In this message I will attempt to distill the discussions on this
list, and focus them a bit.

1) I would like to follow up on Jan Michael Rynning's comment that
   8bit/no line length restrictions are not binary.  It is becoming
   clear that one possible goal or sending binary via SMTP is not as
   simple as it at first appeared to many of us.  Besides the CRLF
   translations, the issues of implementations being written assuming the
   line length present real obstacles to deploying modified mailers. 
   
   We may wish to define a second new transmission mode, BINARY, to
   open the door to multi-media mail.  At this point, someone needs to
   convince me and this list that this is worth the rather extensive
   overhaul of the system.  For me, this is becoming the 821/822 <=>
   X.400 breaking point.  

   In all circumstances, any change to the standards that is a
   violation of current specifications, must be negotiated.  This may
   be by version number, or by explicit feature negotiation.  This is
   just plain good sense, and is likely to be enforced by the IESG or
   the IAB.

2) We need to define a new standard character set to replace US ASCII.
   To answer John Klensin, it is of my own belief that using SMTP to
   shift character sets in and out is inappropriate.  That is much
   more a message format level function.  Now, I'm not opposed to
   using a character set that itself escape-shifts pages in and out, or a
   multi-byte character set that retains ascii compatibility. (whatever
   that means)

   a) My personal preference is to have a character set that is not limited to
      western characters (latin-1), however, if someone makes a good
      argument, I may be led to believe that multi-byte character sets
      can( and should?)  be encoded in the standard 7 or 8 bit character set.
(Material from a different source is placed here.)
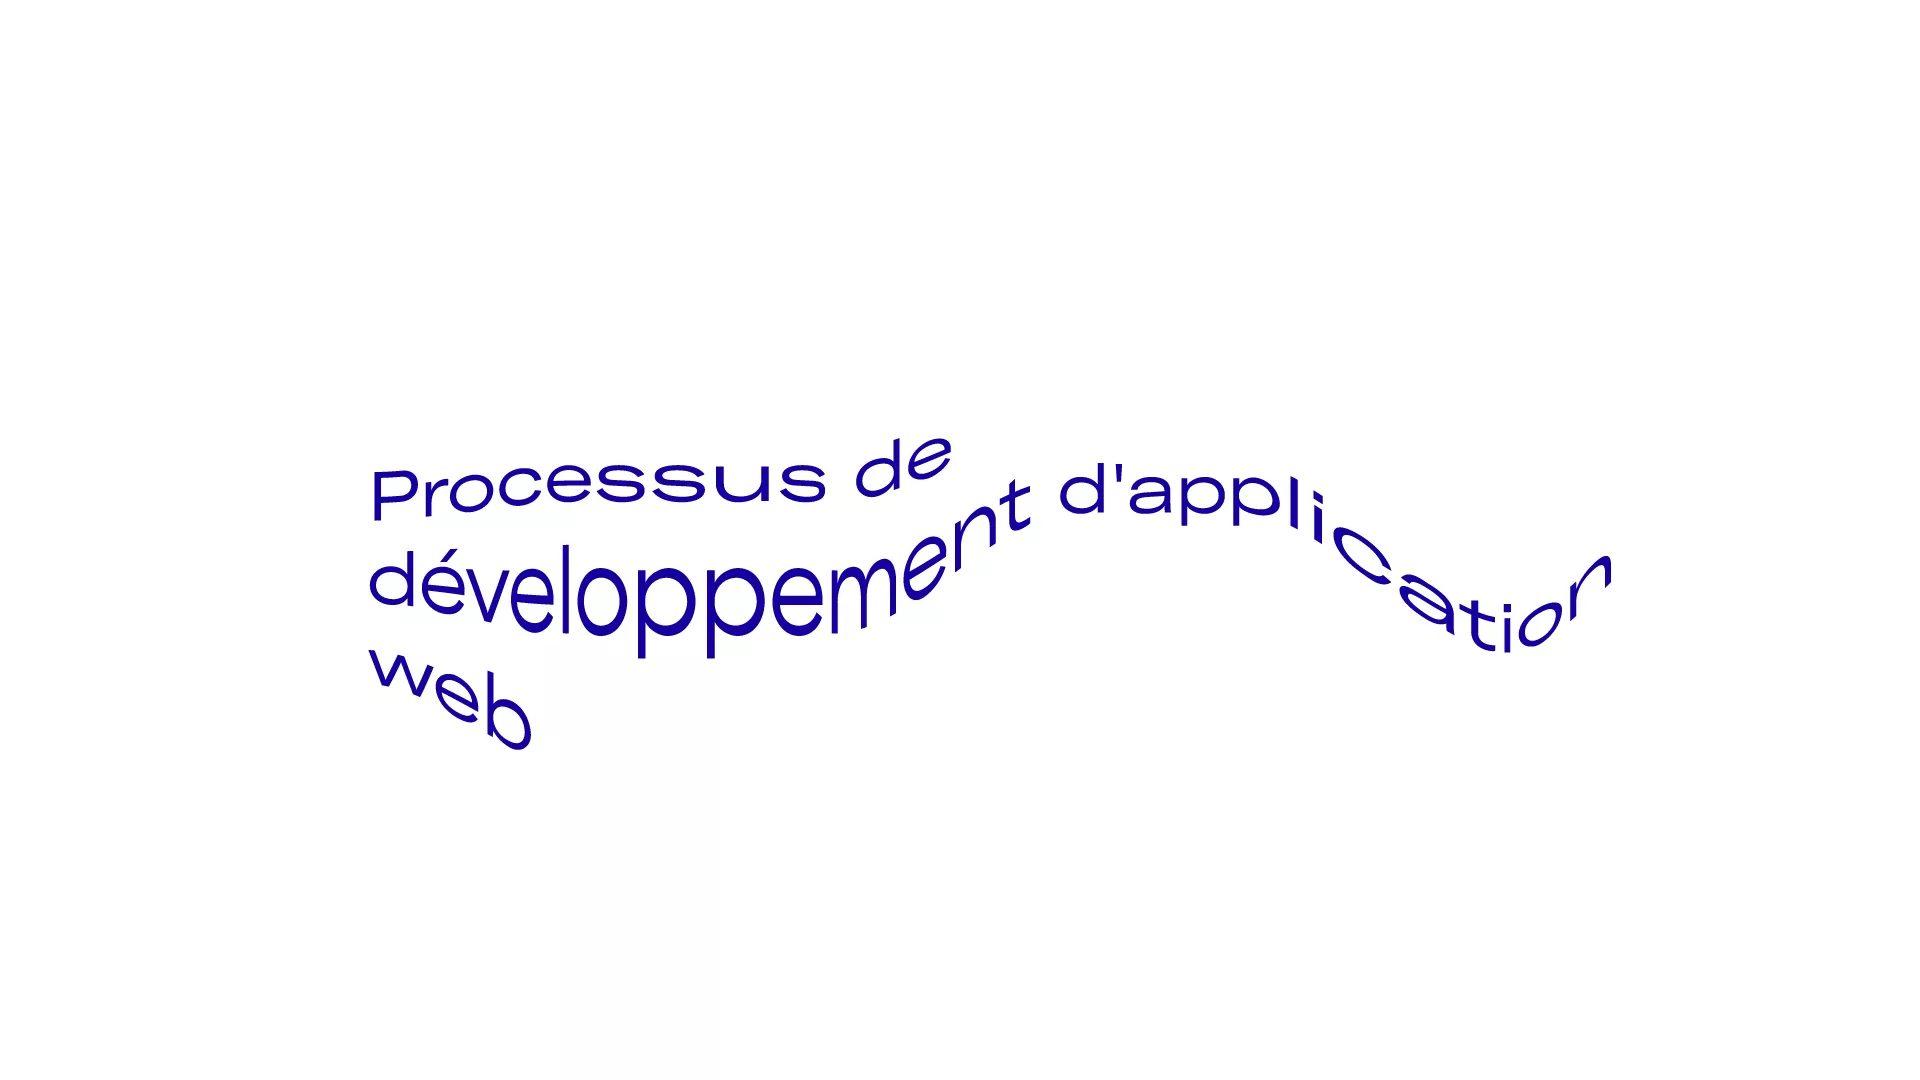 Processus de développement d'application web

   b) With the 8 bit systems, a standard mechanism should be defined
      in SMTP transport to convert into a 7 bit representation without data
      loss.  This is important.  Information loss will prevent bits
      systems from ever being used for efficient transport, or
      multi-media, and encoded data because 7 bit systems will continue to
      exist. 

      I have not heard much discussion on how to do this.  From
      an "old"  UA point of view, most of the conversions I've heard
      of that cause no info loss will be totally unintelligible.  At
      lease I can guess at missing letters in text with info loss.   

      Current ideas are Rynning's TEX-HEX and ISO 2022 (??).  I would
      welcome a summary of available encoding technology and ideas.
      Implicit in these ideas is a determination on the primary type of use
      this system will have, and whether is it optimized for
      human-readability, or for efficiency of data transport. Specific
      ideas on these trade-offs and encodings are solicited

3) I would like to put up the one paragraph strawman.  If this is
   acceptable, I will put it in the tentatively decided pile.

     "Current changes to SMTP will include the elimination of the 7 bit
      restriction in text, and the specification of a character set to
      represents the 8 bit information.  The specification of a Binary
      mode for SMTP is the subject for possible future work. Binary data,
      and character sets unsupported by the standard character set will
      be handled by encoding defined in the message format documents"


Again I'm looking for specific ideas, 

    1) Is a decision to change the SMTP specification to use 8 bit
            w/ no line length changes acceptable?

    2) A summary(s) of available character sets, as well as an
       evaluation of how (if at all) they handle non-western characters.

    3) An encoding mechanism to convert from 7bit to 8 bit systems
       with no data loss.  

Thanks,

Greg Vaudreuil

Internet Mail Extensions Chair.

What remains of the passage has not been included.